Towards Generalizable Detection of Urgency of Discussion Forum Posts
Valdemar \v{S}v\'abensk\'y, Ryan S. Baker, Andr\'es Zambrano, Yishan, Zou, Stefan Slater

TL;DR
This paper develops and evaluates models to predict the urgency level of discussion forum posts on a 7-point scale, aiming to help instructors prioritize responses and improve student support in online courses.
Contribution
It introduces a multi-class urgency prediction model trained on a new dataset and tests its generalizability across different MOOC platforms, advancing beyond binary urgency classification.
Findings
Support vector regressor achieved RMSE of 1.1 on training and 1.4 on testing.
Models trained on one dataset generalized well to another, showing robustness.
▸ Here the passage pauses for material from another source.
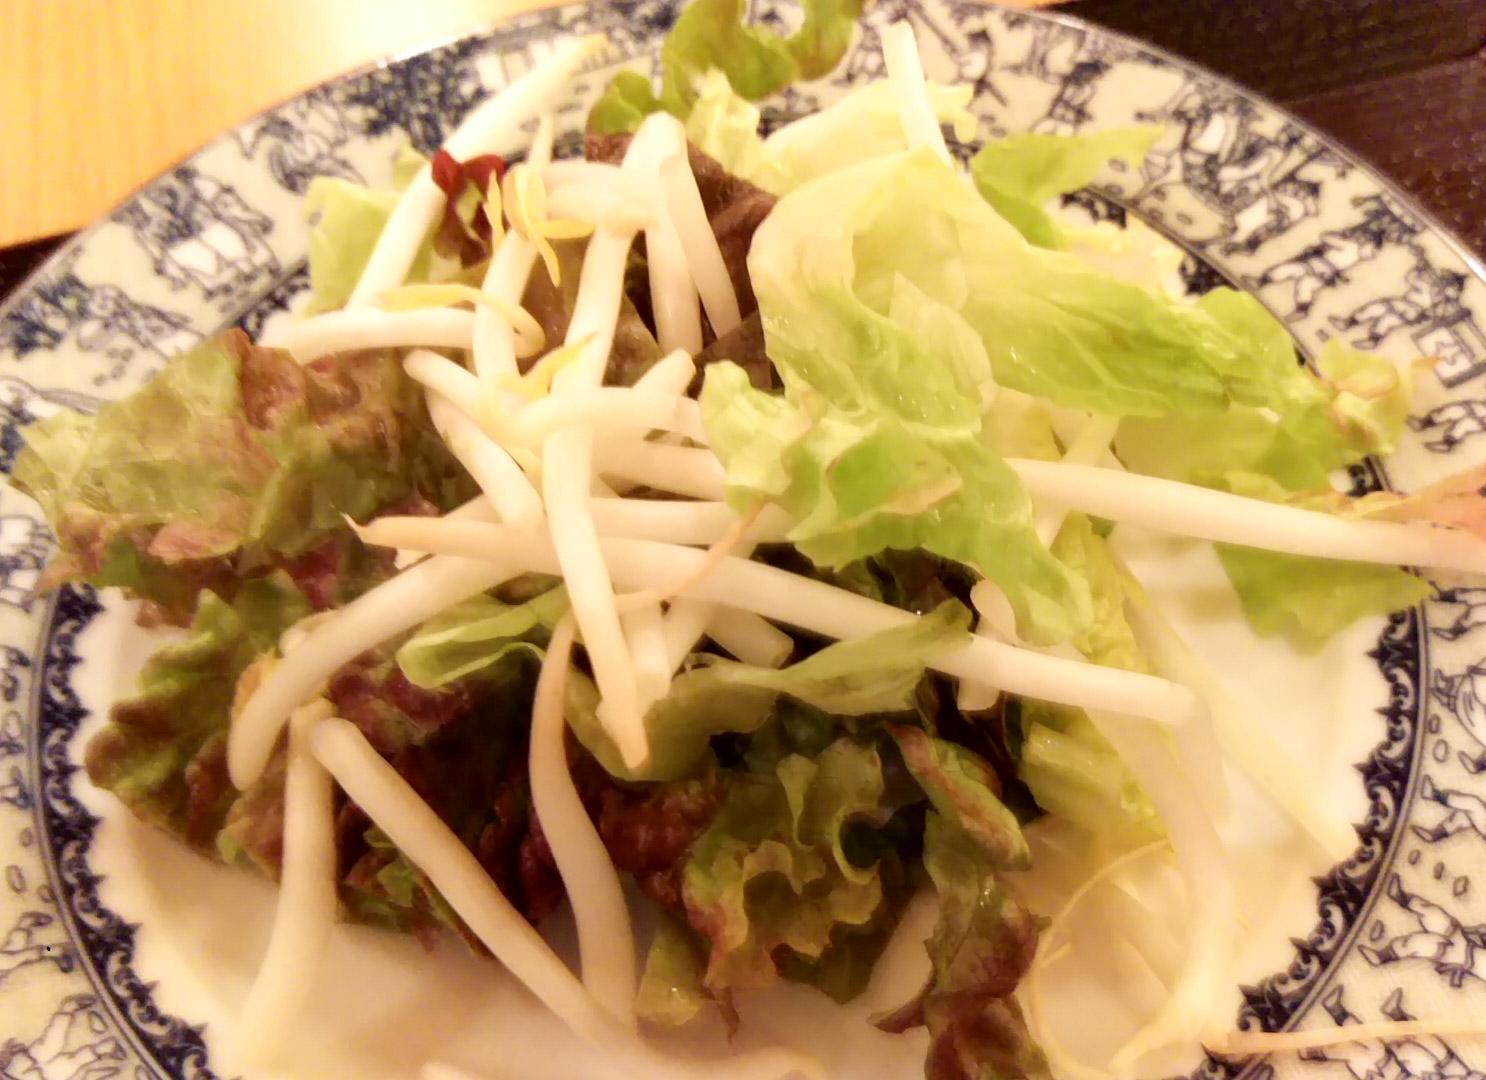 後から載せる野菜。サニーレタスとモヤシとレタスと…レモングラス?パクチーはなかった模様

Predicting urgency helps instructors allocate attention more effectively.
Abstract
Students who take an online course, such as a MOOC, use the course's discussion forum to ask questions or reach out to instructors when encountering an issue. However, reading and responding to students' questions is difficult to scale because of the time needed to consider each message. As a result, critical issues may be left unresolved, and students may lose the motivation to continue in the course. To help address this problem, we build predictive models that automatically determine the urgency of each forum post, so that these posts can be brought to instructors' attention. This paper goes beyond previous work by predicting not just a binary decision cut-off but a post's level of urgency on a 7-point scale. First, we train and cross-validate several models on an original data set of 3,503 posts from MOOCs at University of Pennsylvania. Second, to determine the generalizability of…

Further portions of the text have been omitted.